We begin today’s roundup with The New York Times and its editorial on the new GOP tax plan:
With their new bill that would slash taxes on the wealthy and blow up the federal budget deficit, House Republicans and President Trump are making it absolutely clear whom they are working for — the top 1 percent — and whom they consider dispensable. Well, that’s pretty much everybody else…It will take experts weeks to fully analyze the House tax bill, but what we already know is frightening enough. No Republican who cares about fairness, economic sense and the financial health of the government can support with a clear conscience this shameless wealth transfer.

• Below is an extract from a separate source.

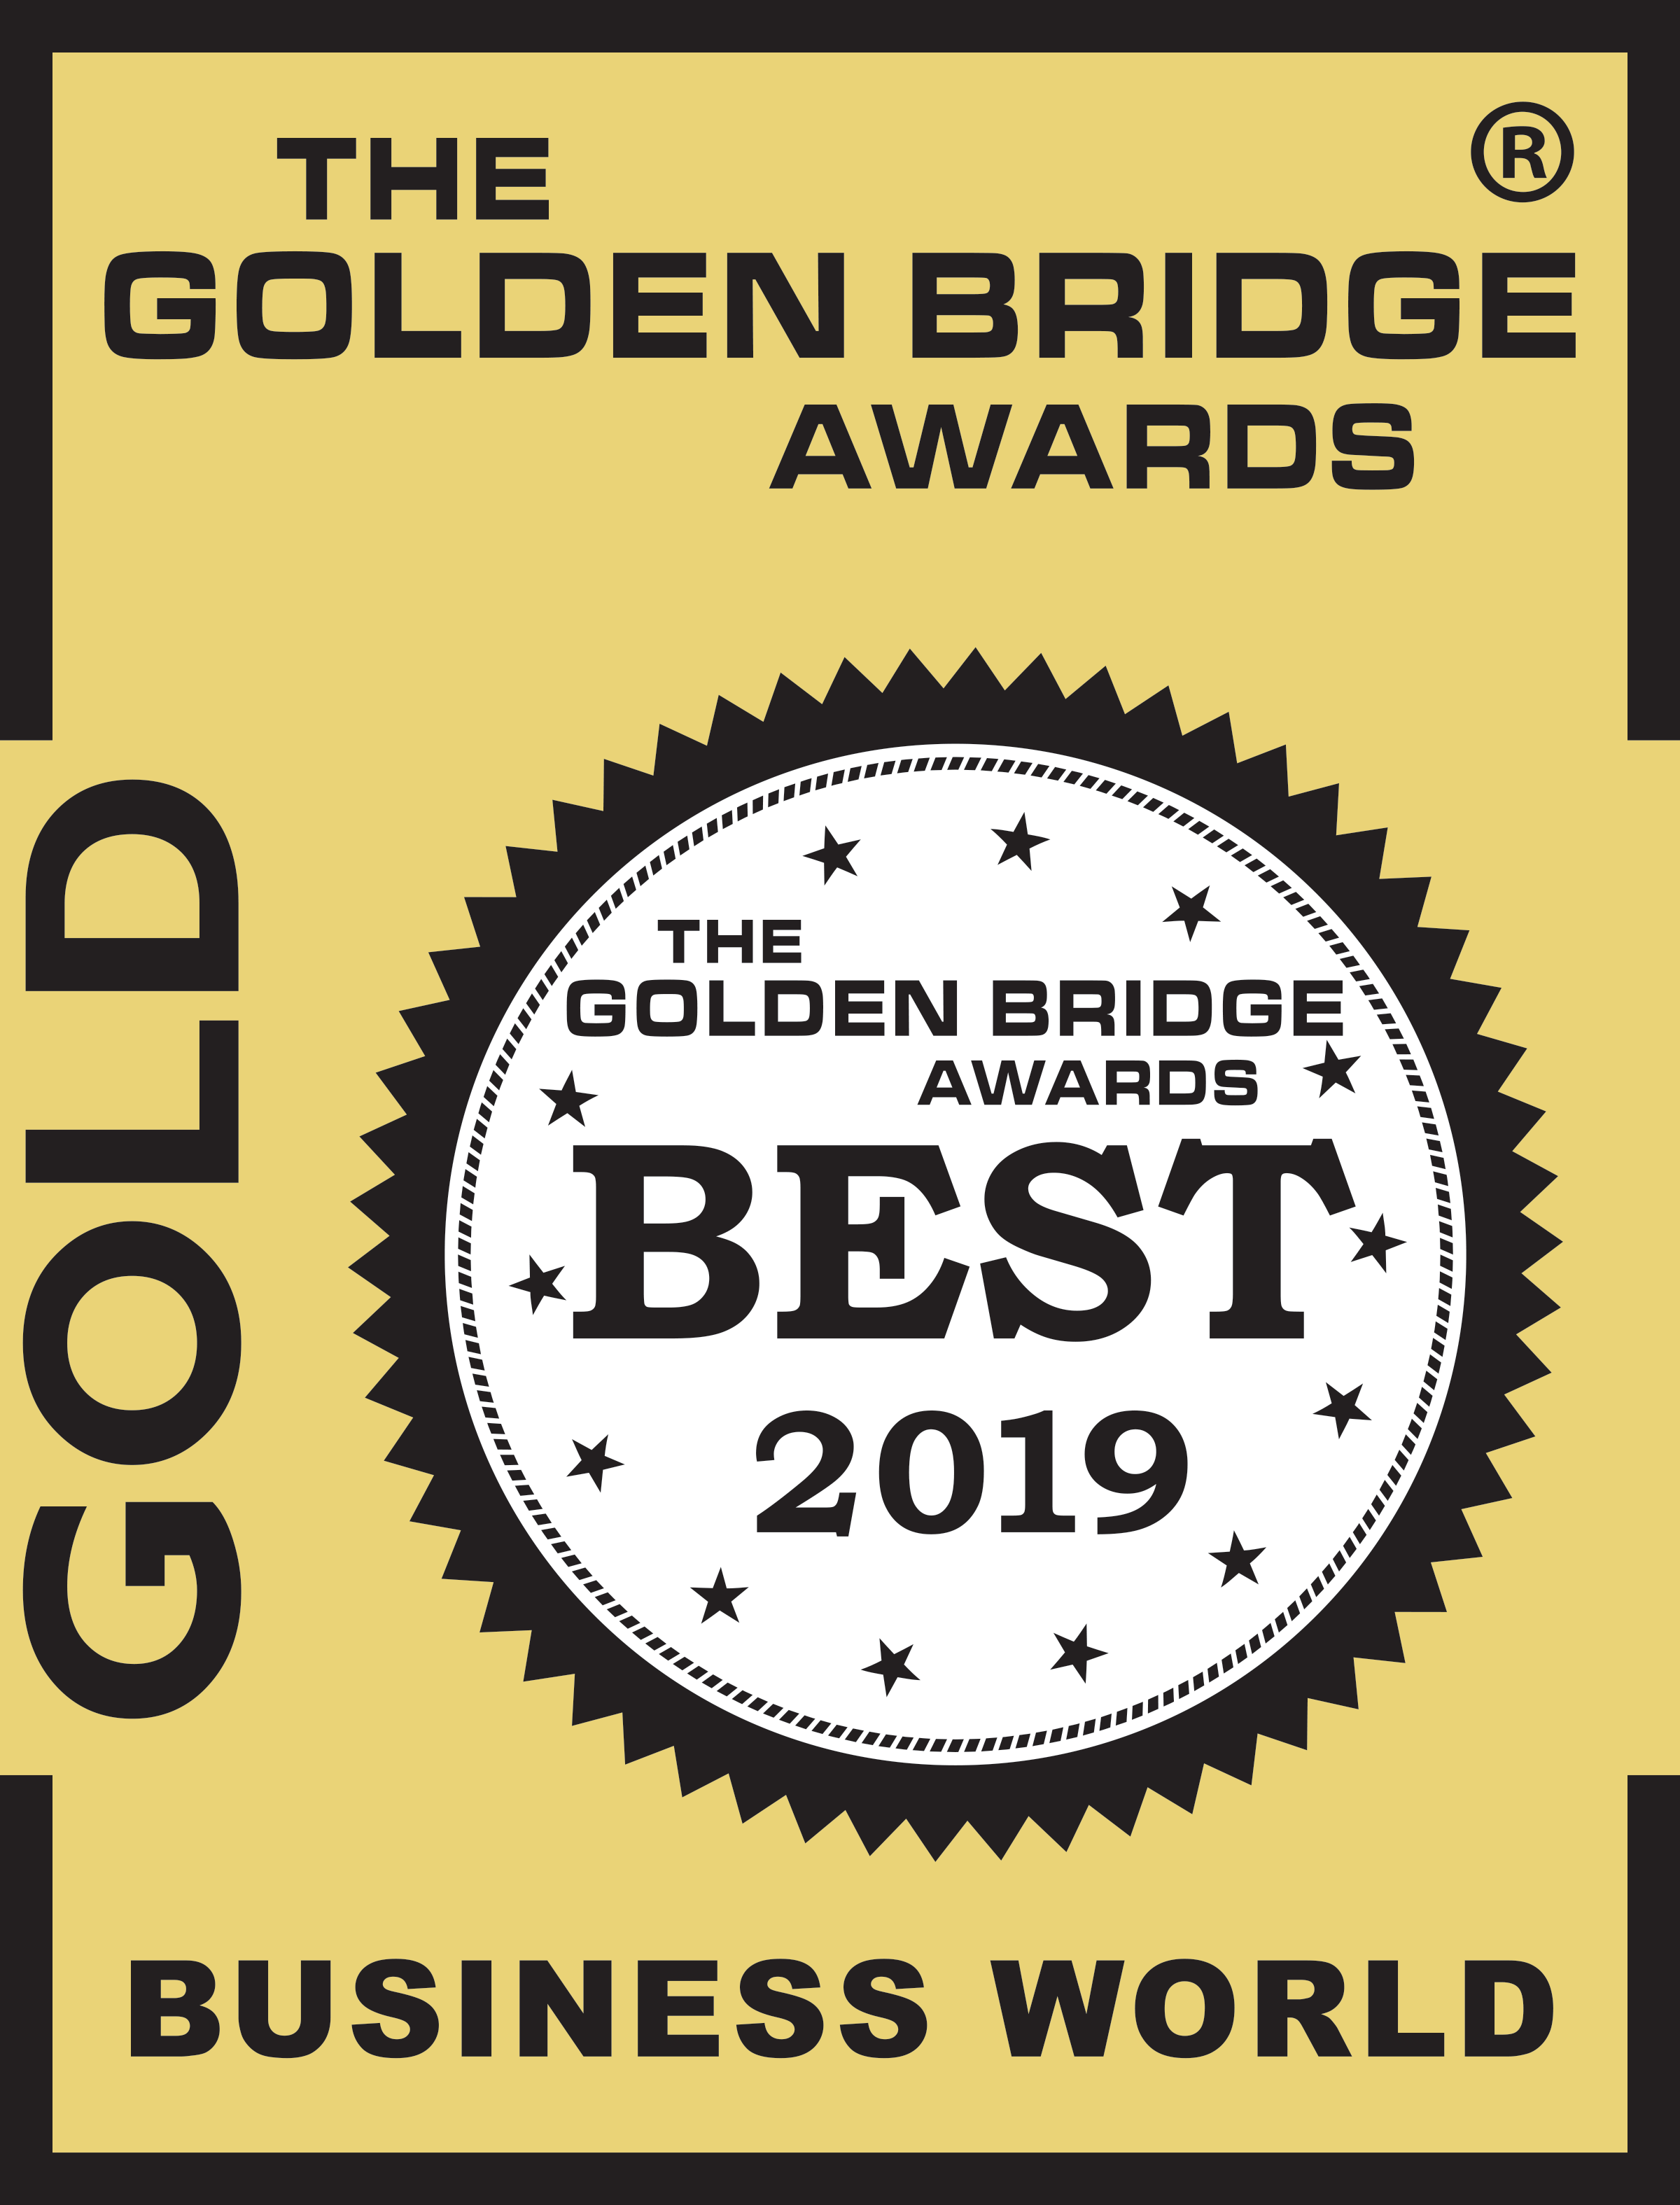 Workspend is a Gold Winner in the 11th Annual 2019 Golden Bridge Awards®

Here is John Cassidy’s take at The New Yorker:
[I]n gauging how the legislation would affect corporations and very wealthy people, we can be definitive: they will benefit hugely. Despite the fact that the bill
the top rate of income tax at 39.6 per cent, it represents a big giveaway to the rich, particularly the very rich. How so? The measure shifts the burden of taxation in the U.S. from corporations, which are largely run and owned by rich people, to households. It cuts the top rate on “pass through” business income—the sort of money generated by sole proprietorships, investment partnerships, and S-corporations—from 39.6 per cent to twenty-five per cent. And it phases out the estate tax, which falls heaviest on the largest estates, starting in 2024. Indeed, according to an analysis by the Committee for a Responsible Federal Budget, fully three-quarters of the over-all tax cuts in the bill are directed at businesses and large estates.